Özelleştimeler başlamadan evvel bize, yani halka, ucuzluk, verimlilik, hatta üretkenli vaat etmemiş miydi? Burada konu özelleştimelerinde ötesinde. daha doğrusu satışların ötesinde, zenginlere daha da zenginleşsin diye bağışlanan kamu ve şahıs mülklerinden bahsedeceğim. Kapitalizm, Adam Simith'in yazdığı gibi serbest piyasa rejimi olmadığı gibi ; John Locke'un yazdığı gibi özel mülkün güvenceye alınması rejimi de değildir. Büyük kapitalistlerin mülklerinin ve gelirlerinin savunulmasıdır. Bu açıdan feodalitenin devamıdır. Feodalitedeki toprak sahiplerinin yerini, sermaye sahipleri almıştır. Feodallerin, topraksız köylüler ve küçük toprak sahipleri ile olan kavgasının yerini; burjuvalar işçi ve küçük burjuvalarla olan kavgası almıştır. Küçük burjuvalar ve lümpen proleterya, bu kavgada burjuvadan yana olursa, zenginleşeceğini zanneder.  Karl Marks'ta,  Paris komünü sırasında orduyu destekleyen esnafla alay eder. İsyan bastırılnca burjuvalar, esnaftan alacaklarını hacizle tahsil etti ve onları sefil hale getirdi. Avrupa ve Kuzey Amerika işçi sınıfı ve küçük burjuvasının da böyle şeyler yaşadıkça akıllandı. Sosyalist yada komünist bir düzen kurmadılar yada kuramadularsa da, kendilerini burjuvalara ezdirmemeyi öğrendiler. Kapitlaizmi kendi çıkarlarına göre yönlendirdiler. Sendikalar her zaman siyasette kendi sınıfının çıkarını düşünerek çalışır ve sendika üyeleri de sendikaları buna göre yönlendirir.

Orta çağda nasıl ki krallar-sultanlar, birilerini şövalye-sör ilan eder, mir-hassa-arpalık (atların beslenmesi için) topraklar dağıtırdı; şimdi de devletler birilerine teşvik kreedileri ve yok pahasına kamu mülkü verip, zenginleşmesini sağlıyor. Orta çağda köylüler ara ara isyan ederek, bu mülkleri geri alır yada almaya çalışırdı. Günümüzde de benzeri oluyor. İspanya'da, General Franco ve etrafındakilere bağışlanan kamu mülkleri, neredeyse elli yıl sonra parça parça geri alındı. Franko ve etrafındakilerin mezarları da şehitliklerden, katedrallerden birer ikişer koparıp, aile kabristanlarına gömdü. İspanya'nın bunu yapması için Franko iktidarının ardından kırk yıl kadar zaman geçmesi gerekti ve kırk yıldan sonra da parça parça yapabildi bunu. Bu kırk yıl içinde on dört yıllık keisntisiz sosyalist (sosyal demokrtat) tek parti iktidarı da vardı. On dört sene boyunca tek parti olarak İspanya'yı yöneten sosyalsitler, Franco'nun mezarını taşıyacak, Franco ailesene bağışlanan mülkleri geri alacak kadar muktedir olamamıştı.

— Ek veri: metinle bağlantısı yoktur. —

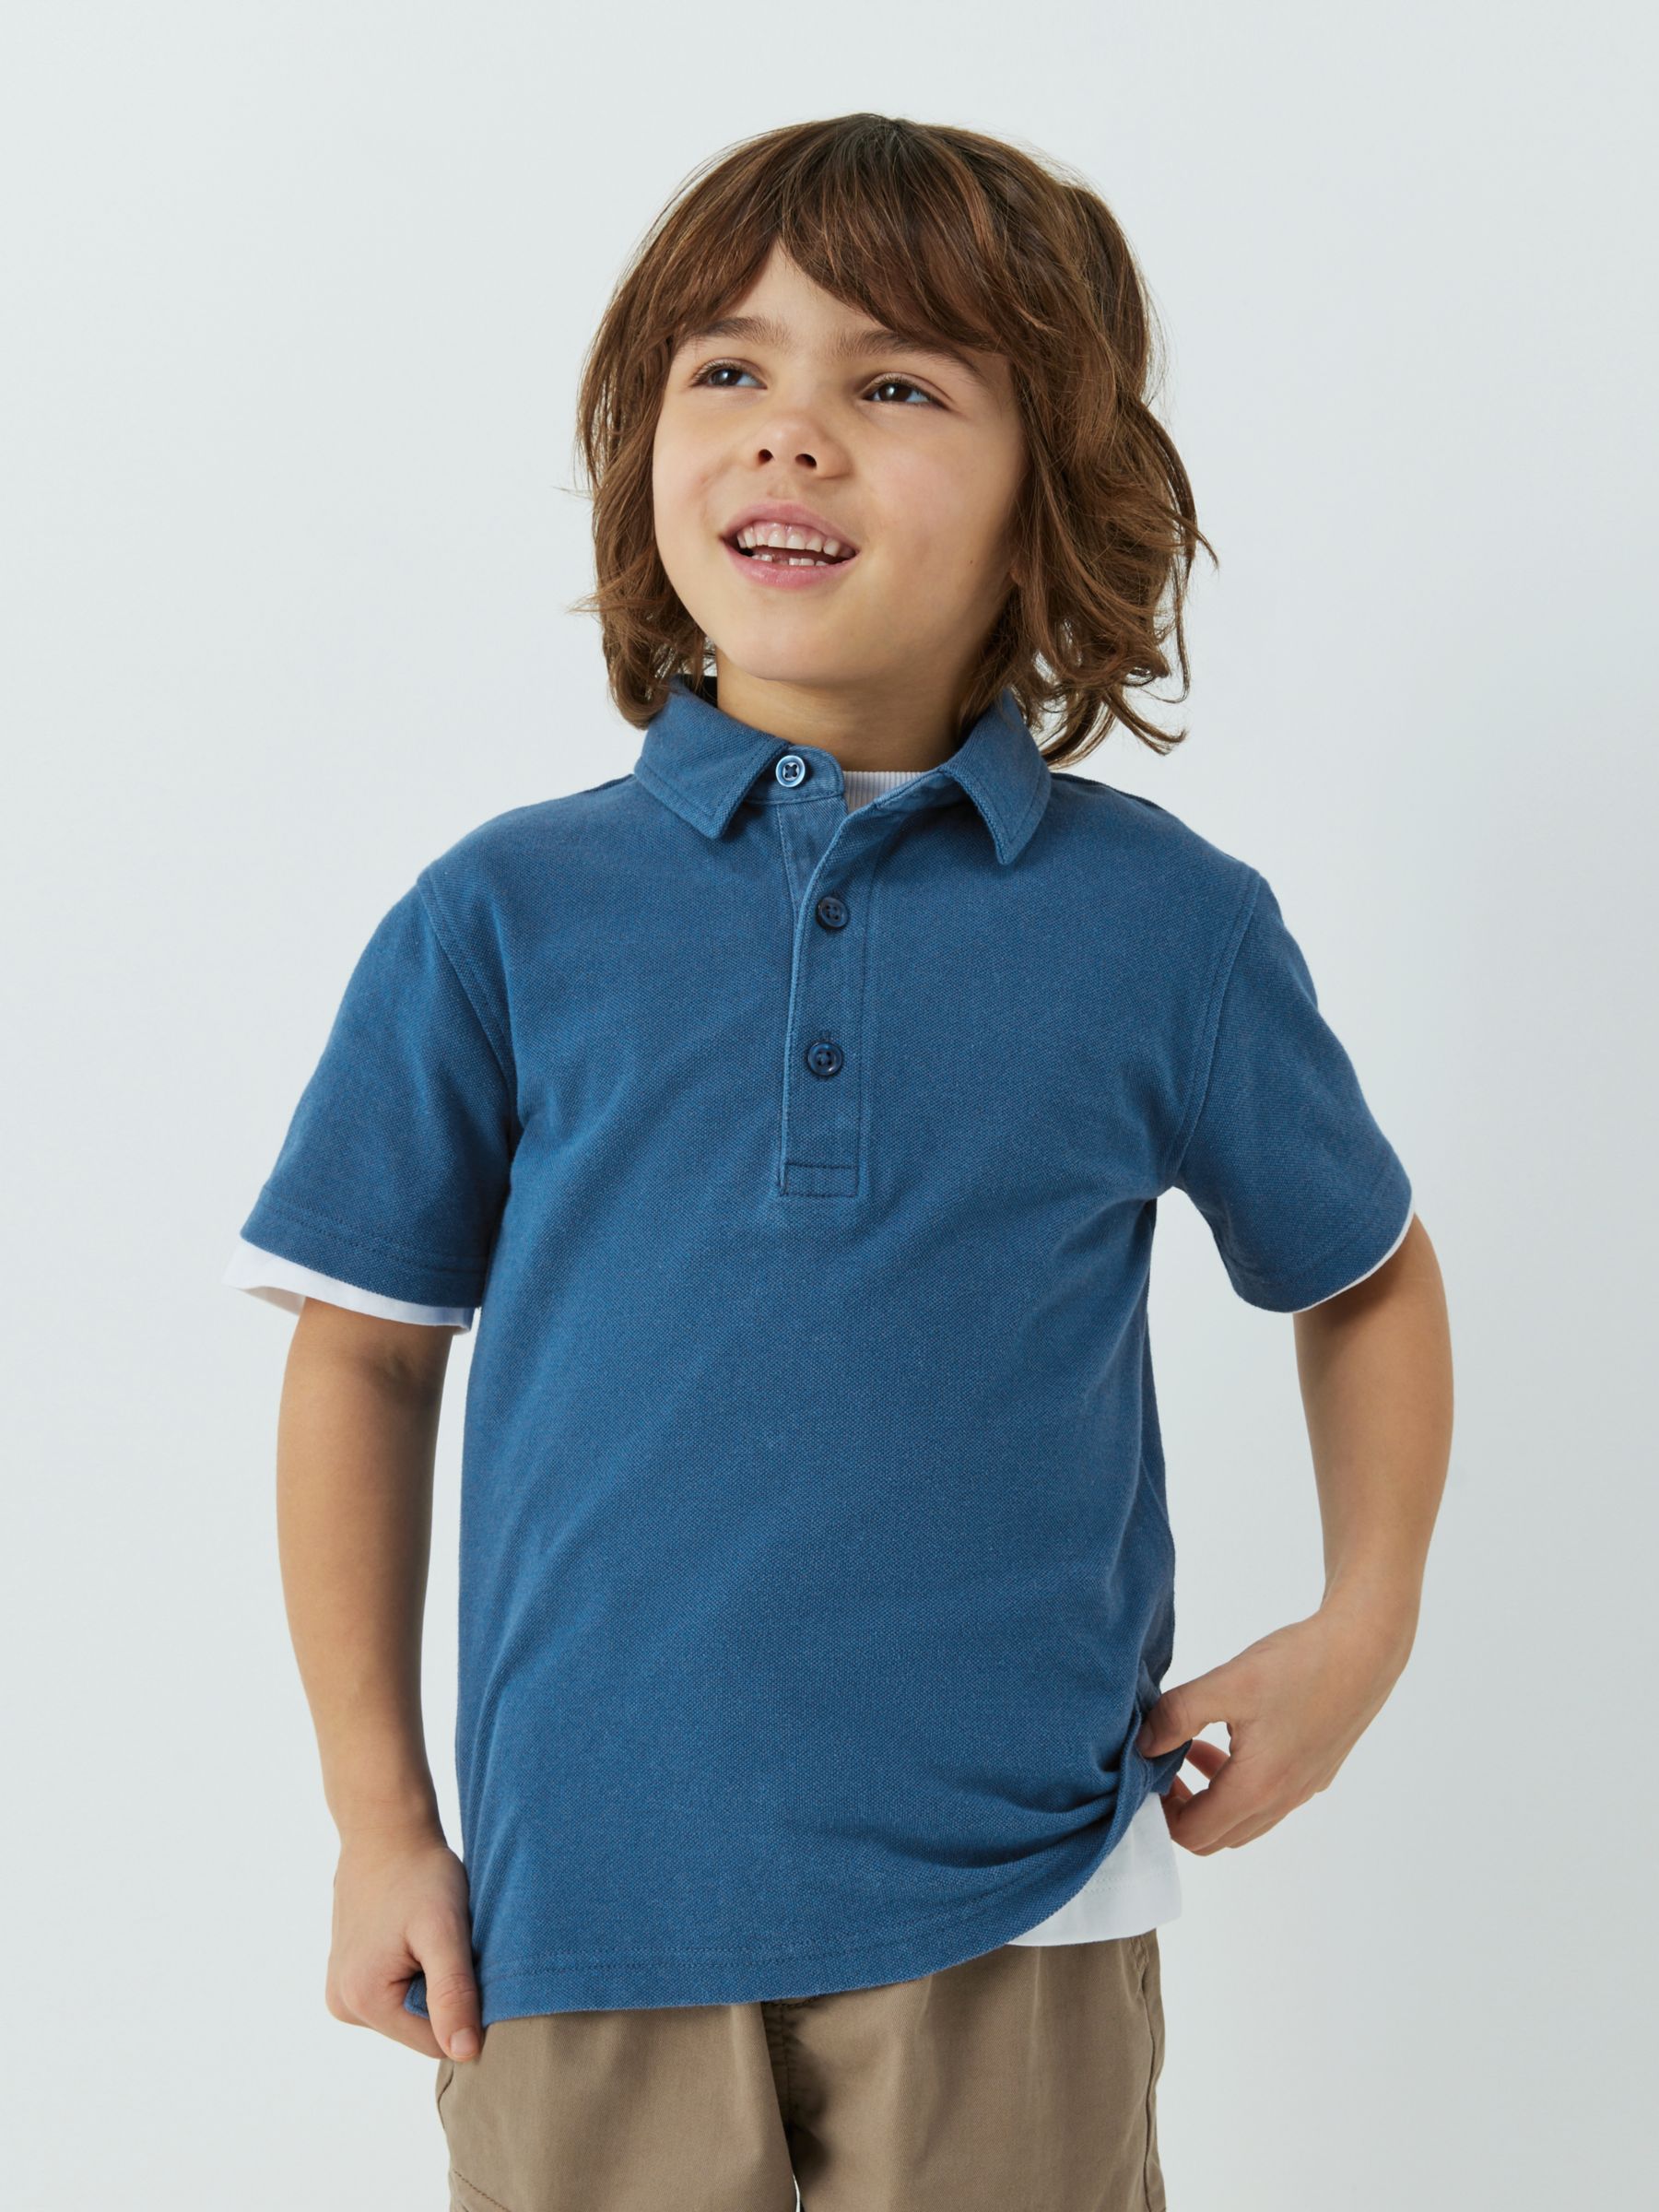 John Lewis Kids' Plain Pique Cotton Short Sleeve Polo Shirt, Mid Blue, 2 years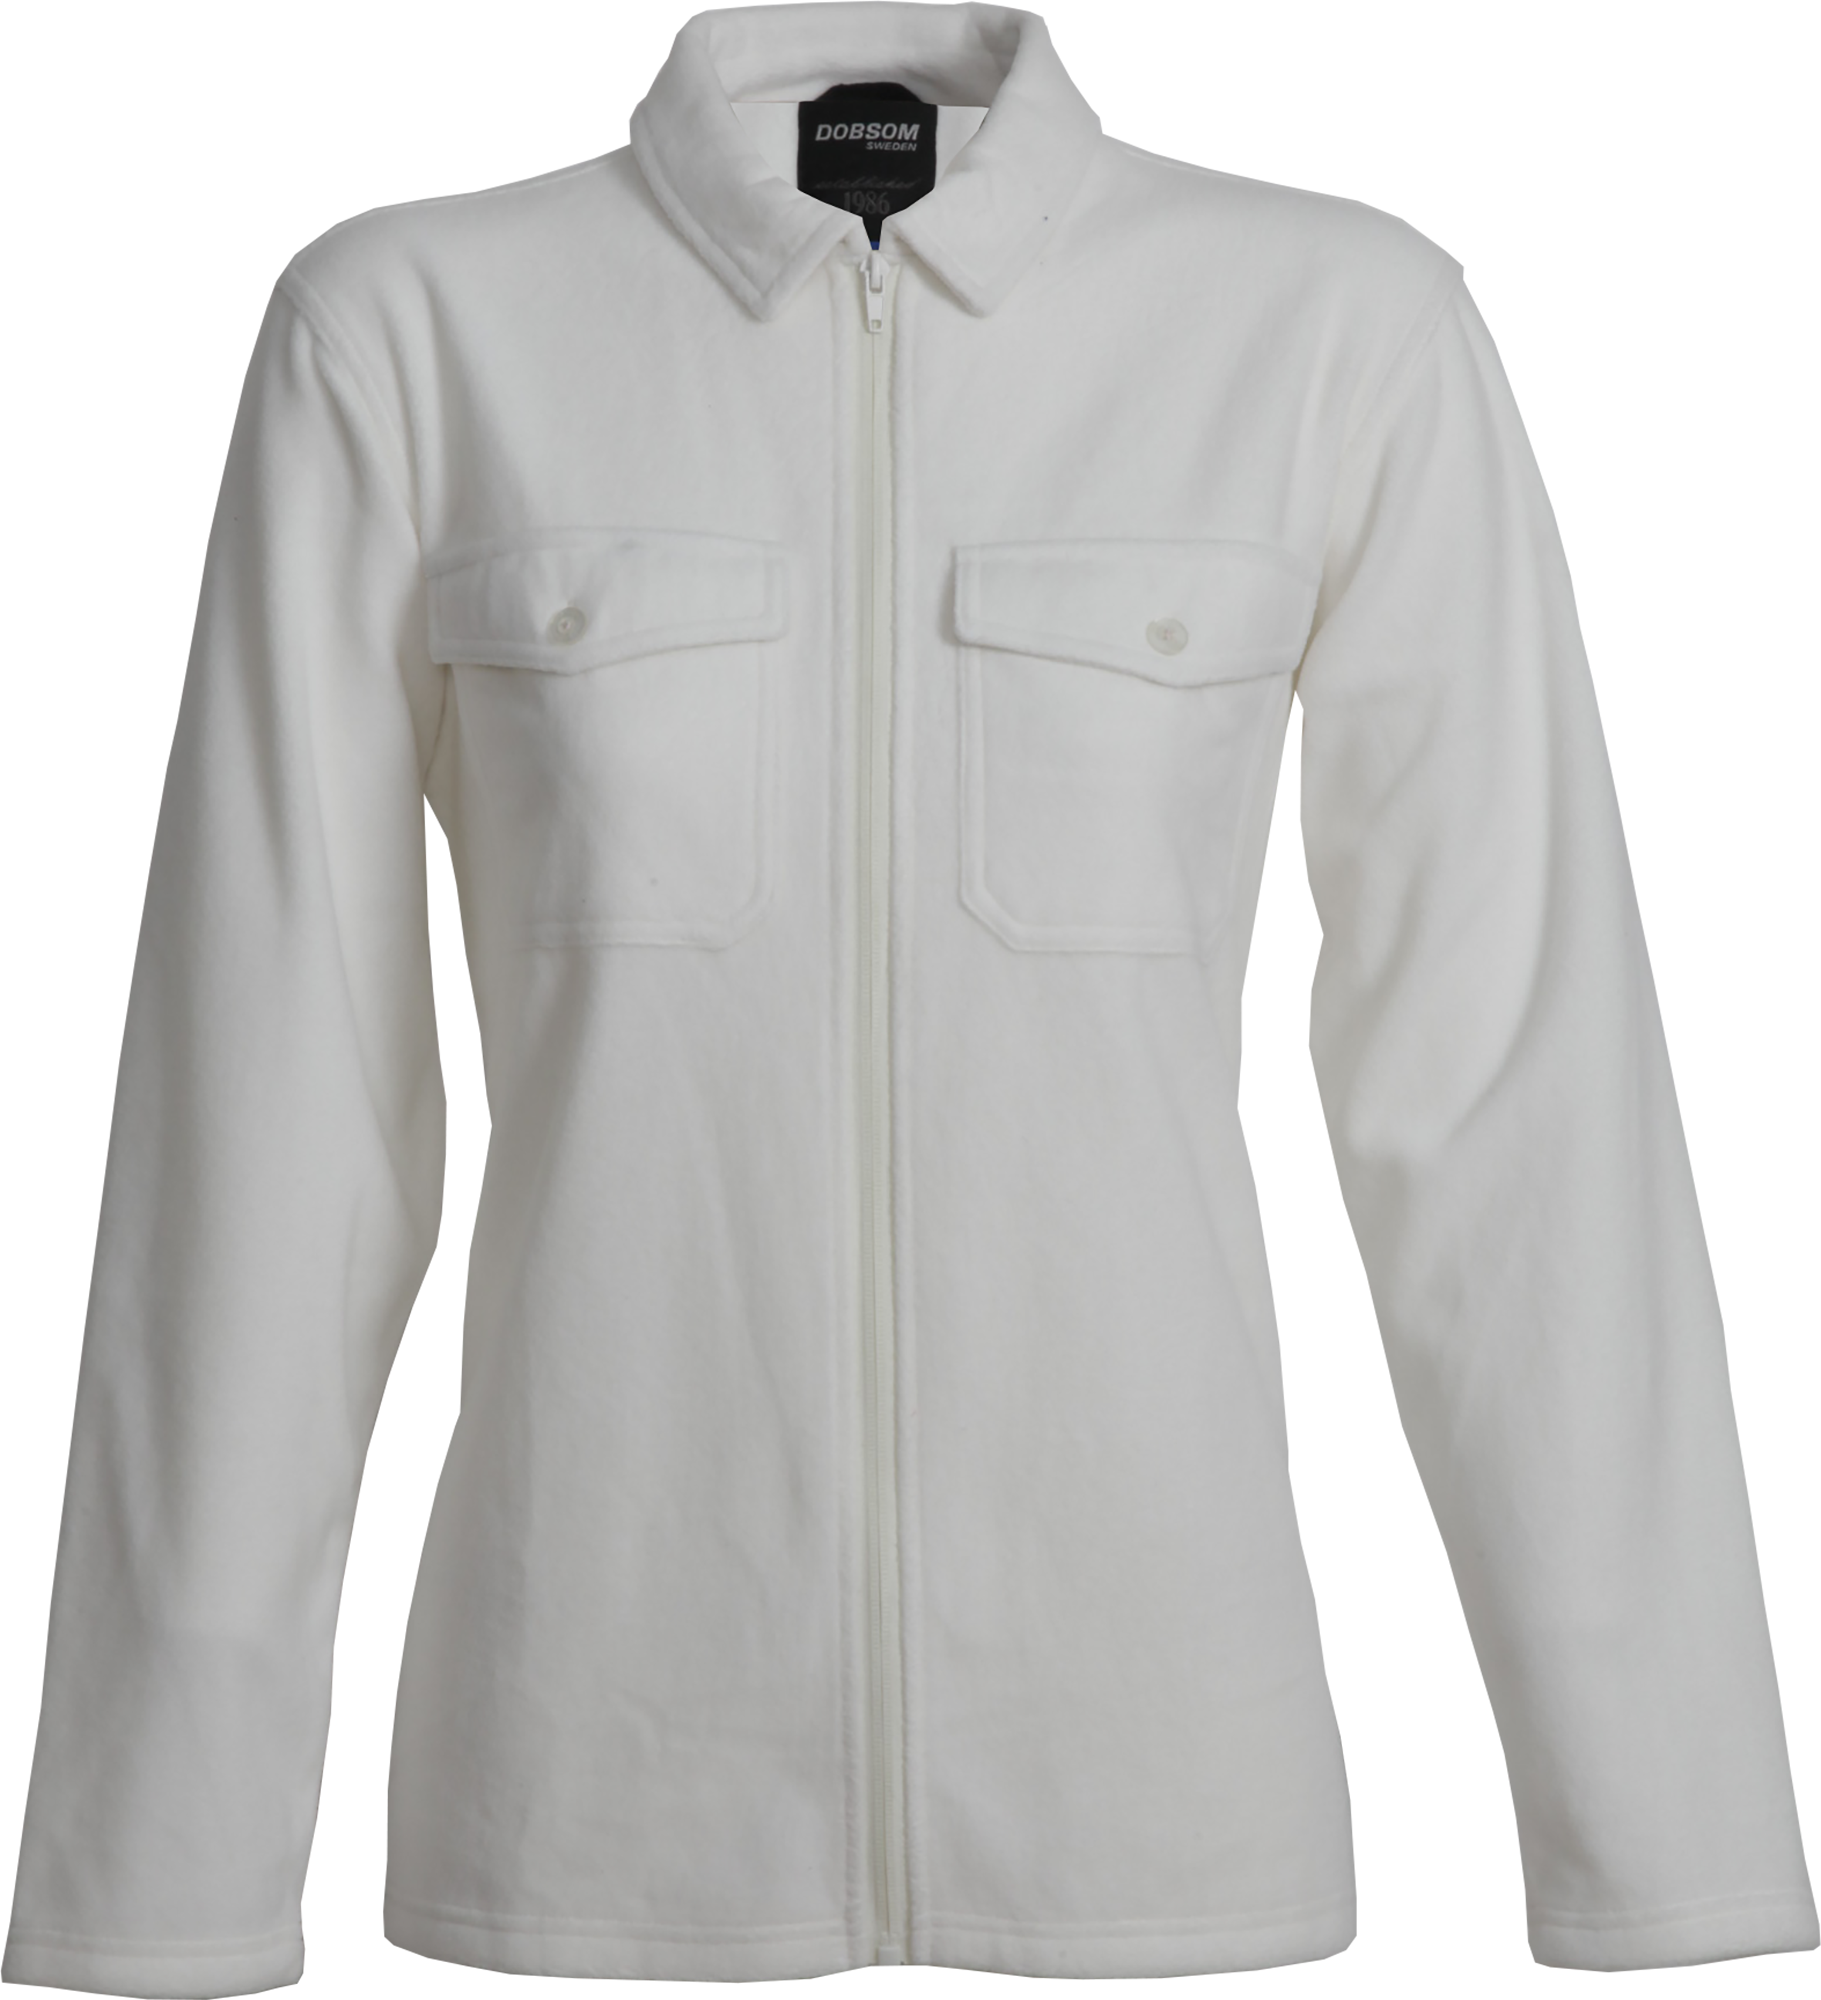 Dobsom Women's Pescara Fleece Shirt Offwhite 38, Off White

Çünkü bunun için gerekli zihniyet, metaliteye sahip değilerdi. Franco ölünce, Falanjistlerle (İspanyol faşistleri) ile demokrasiye geçiş uzlaşmasına varılmıştı. Franco'yu iktidara getirense üç sene süren, cephe savaşı şeklindeki bir iç savaşın kazanılmasıydı. Ülkemide ise bu bağışlar, seçimiş politikacılar ve darbeciler tarafından yapıldı. Özelleştimeile bedavadan ucuza satış, vatandaştan akmulaştırma yada bağış yolu ile alınıp, özel sektöre peşkeş çekiş, yada bedelsiz tahsis yolu ile birilerine bağışlana kamu mülkleri geri alınmalıdır. Aynı zamanda vatandaş vergiler ile dünyanın en pahalı benzinini-mazotunu kullanırken,  verginin vergisini verirken, vergileri yada devlete olan borçları affedilen, kredileri yeniden yapılandırılan  iş insanlarına da acımamalıyız. Acıdığımız şey, hepimizin malı-mülküdür.

Halktan çalınanları, halka geri vermelidir.

30 Eylül 2024 Pazartesi

YENİDEN DEVLETLEŞTİRMEK ZORUNDAYIZ

 


Lübnan'daki patlamalar, ulusal sanayinin önemini gösterdi. Rusya'nın yaptırımlara dayanması ulusal sanayisi ve ulusal interneti interneti sayesinde. Mail.Ru, Rutube, Rugram, Telegram gibi siteler, Rusya'yı internet yaptırımlarına karşı koruyor. Bütün bunlar Putin'in, Yeltsin sonrası kamulaştırma operasyonları sayesinde oldu. Yerli sanayi sadece yaptırımlar değildir. ithale bağlı kalmak, elinizi-kolunuz bağlar.  Kıbrıs harekatından sonra Yunanistan'ın, Türkiye'ye savaş açamamasının temel sebebi, pek çok üründe ithalata bağlı olmasıdır.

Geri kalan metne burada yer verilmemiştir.